Highly variable scenario and radically different system than what it used to be

predation rate reduced at several sites

restabilization will take >10 years

decreasing dynamics of intertidal meta-ecosystems

Summary

• recovery slow, still not at pre-wasting levels

• declining performance of mussels related to declining phytoplankton

• declining performance of sea stars

Trophic Biotic Interactions

Predation and Grazing

Predation / Grazing

occurs when one interactor kills or reduces the biomass of another through consumption

ex. what causes the lower limit to the mussel bed? predation by sea stars

Predation’s influence on community structure

• can determine lower/upper limits (zonation)

• influences succession

• controls abundances of dominant species

Predation Regime Concepts (lecture 3)

Keystone Species: a single consumer species that has a disproportionately large community effect relative to its abundance

Diffuse Predation: predation impact spread ~evenly across many consumers in a predator “guild” —> per species effects may be small, but total impact is large

• guild is a group of ecologically similar species

Herbivore (Grazer) Effects (lecture 3)

• have unequal effects on abundance of algae

• not much of an effect on variance

Non Trophic Biotic Interactions

Competition and Facilitation

Competition (interspecific) effects (lecture 4)

competition occurs when interacting species mutually reduce survival or other measures of ecological performance through direct interactions such as overgrowth, preemption, or aggressive behavior

• competition for space/food can determine both basal species and mobile species

• can occur at top and bottom of food web

Interspecific competition

between different species

Intraspecific competition

between conspecifics (same species)

Facilitation (lecture 4)

facilitation occurs when interactions increase the abundance, survival or ecological performance of one or both. if both, its mutualism; if just one is benefited, its commensalism

ex. kelp recruits facilitated by coralline algae

• facilitative interactions are important in structuring communites

Interaction Web

Strucutre is a function of both negative and positive interactions

Environmental stress types

Physiological stress or physical stress

• alter (weaken) spp. interactions

• indirect, but stress can also directly influence community structure

• consumers are often most affected by stress but mobility allows them to escape lethal effects

Physiological stress (lecture 5)

occurs when environmental conditions exceed the normal physiological tolerance range of an organism, compromising biochemical and physiological processes necessary for life

Physiological Performance Curve (lecture 5)

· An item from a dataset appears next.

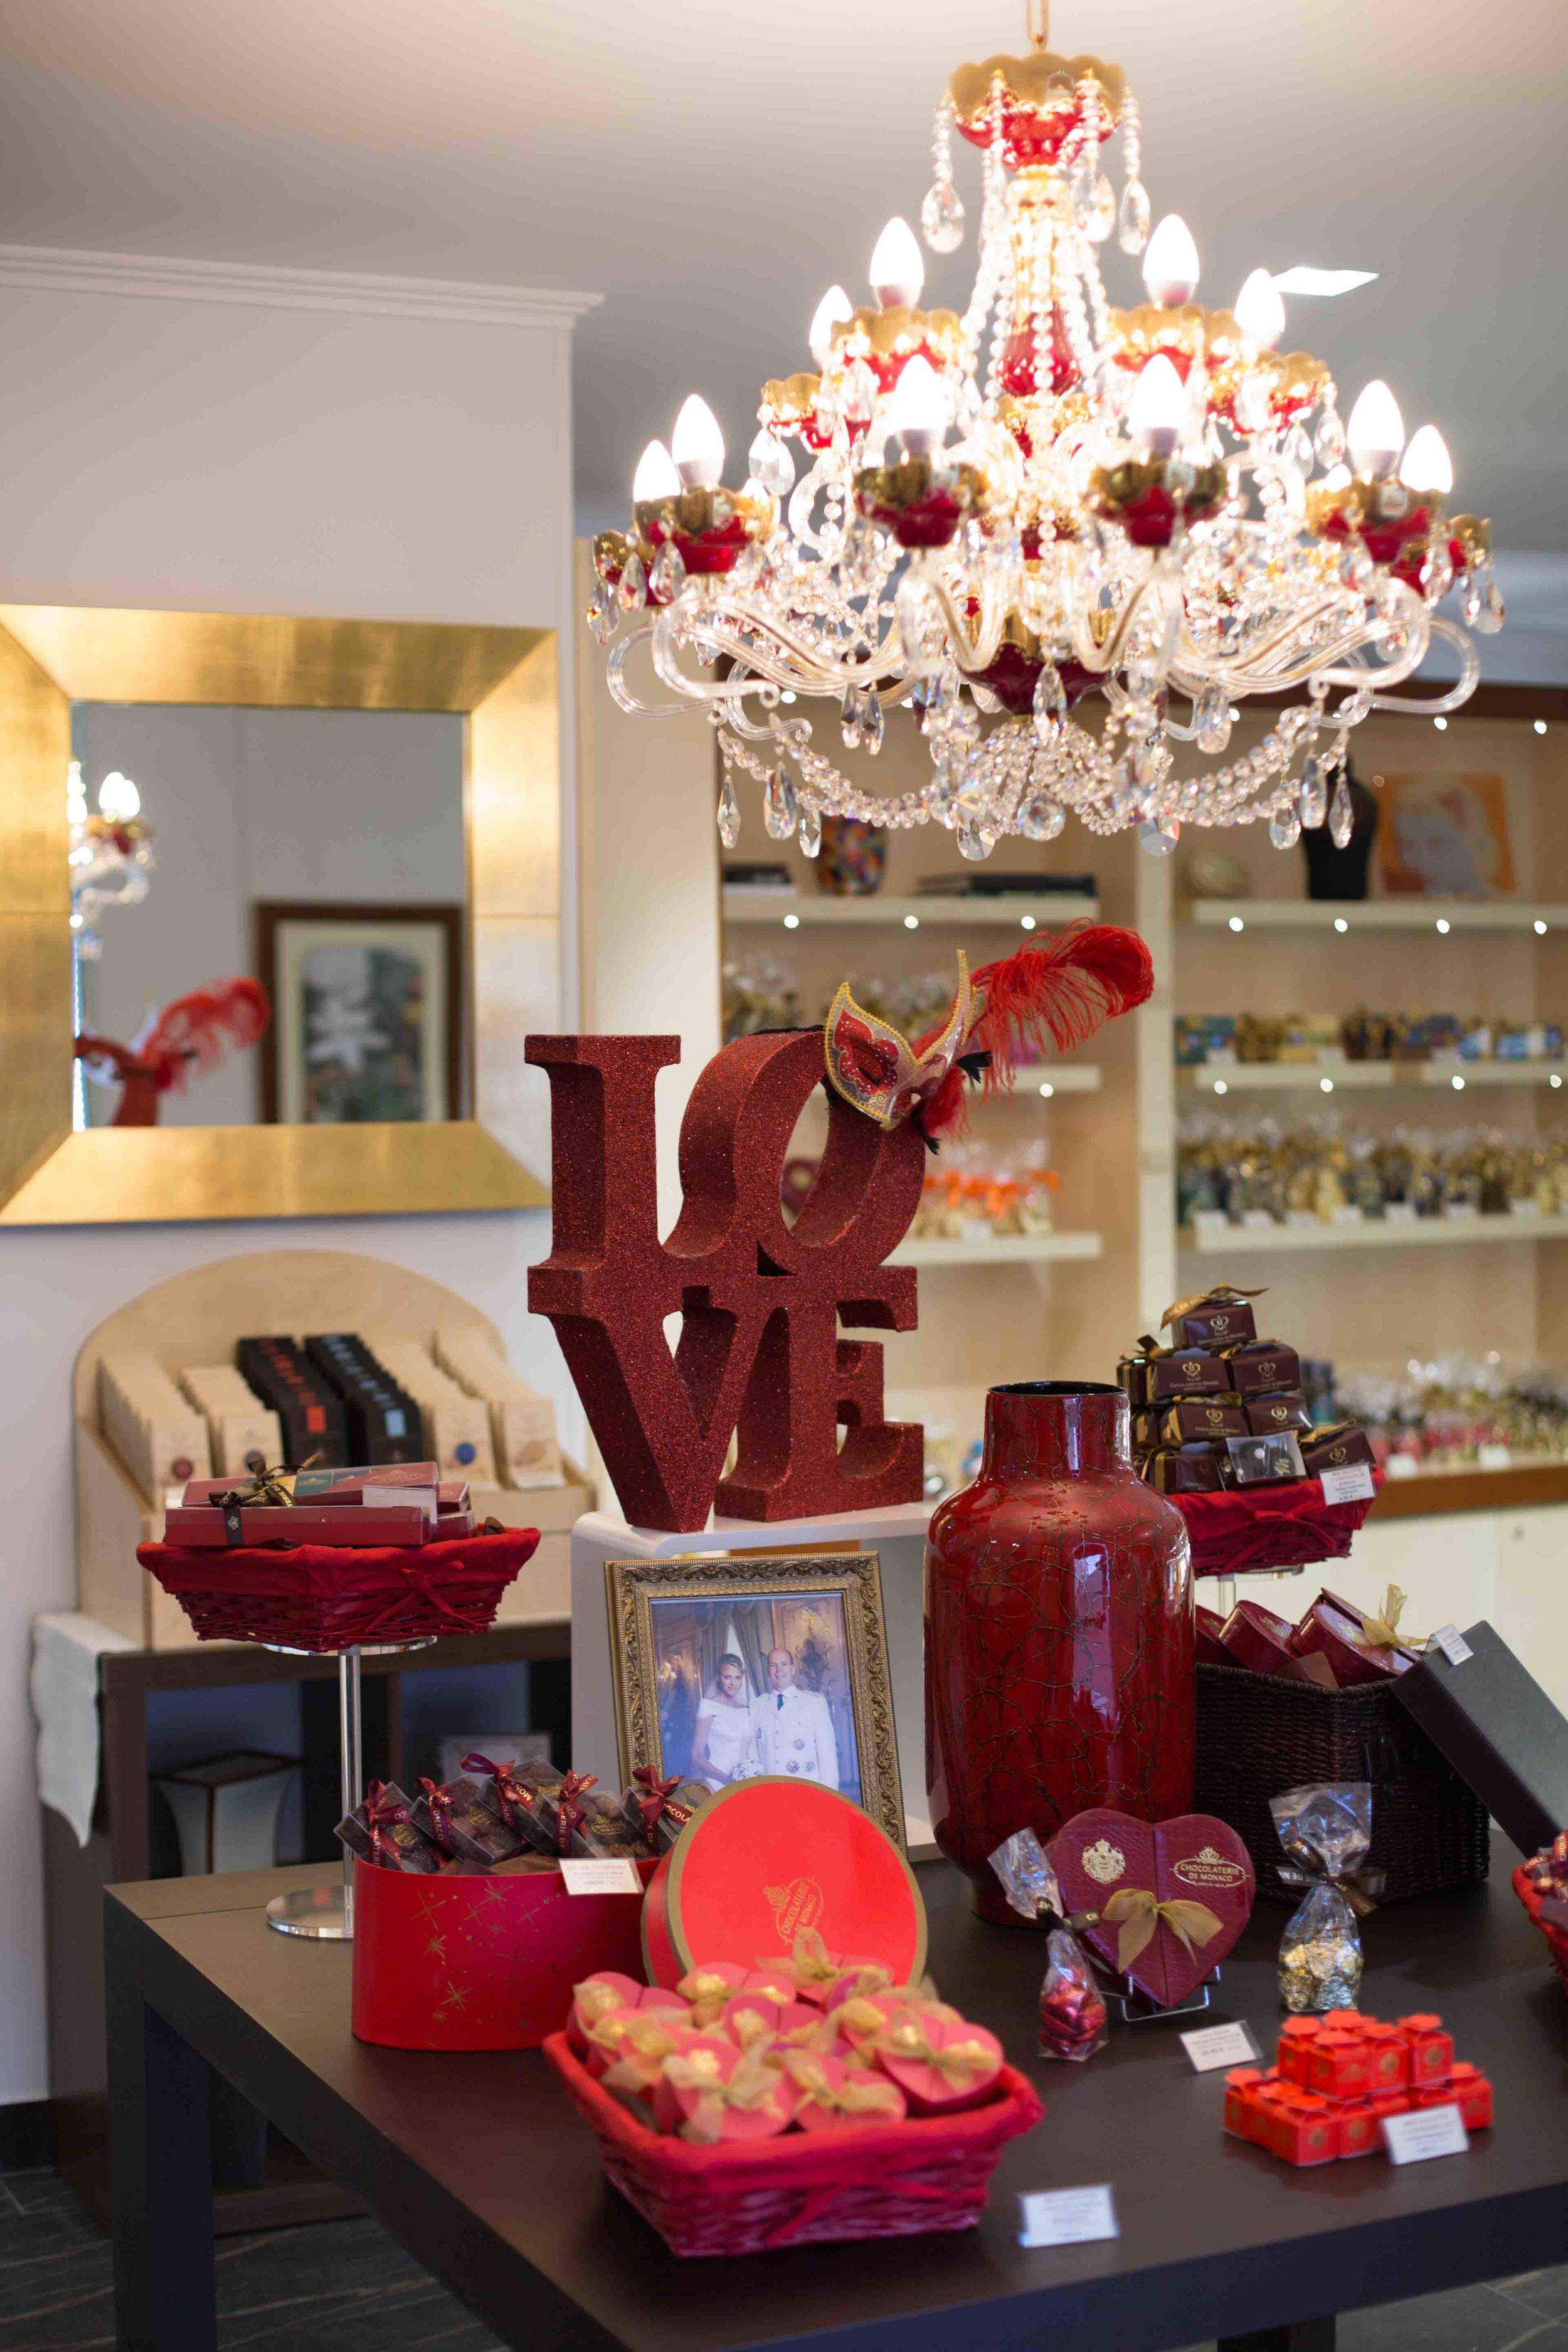 chocolaterie-de-monaco-wranovsky-crystal-chandelier-2.jpg

shows max performance over increasing environmental stress

Environmental Stress Model (lecture 5)

1. growth is the difference between energy intake and metabolic costs, both of which increase under “no stress” conditions

2. low temperatures are stressful because feeding activity declines non-linerarly, while metabolic rate declines linearly

3. high temperatures are stressful due to thermal interference with physiological functions, which continue to increase while feeding rate (activity) first levels off and then ceases, and then drop to zero with death

Consumer Stress Model (lecture 5)

when not protected from prede=ators, prey do better under increasing stress

Physical stress (lecture 5)

occurs when physical forces (waves, rolling rocks, logs, currents) exceed an organisms normal tolerance range, thereby compromising strength

OA (saturation state) (lecture 6)

lowered saturation states impair calcification

• calcium and CO2 compete for carbonate

hypoxia/anoxia (lecture 6)

deoxygenated waters

• common in human footprint waters (estuaries, terrestrial runoff areas)

Upwelling driven hypoxia

1. decaying plankton consumes o2

2. makes oxygen minimum zone

3. upwelling occurs

4. decaying plankton consumes more o2 and releases more co2

Marine Heat Waves

unusually warm water

Bottom Up Effects (lecture 7)

productivity gradients driven by nutrients and light (primary production)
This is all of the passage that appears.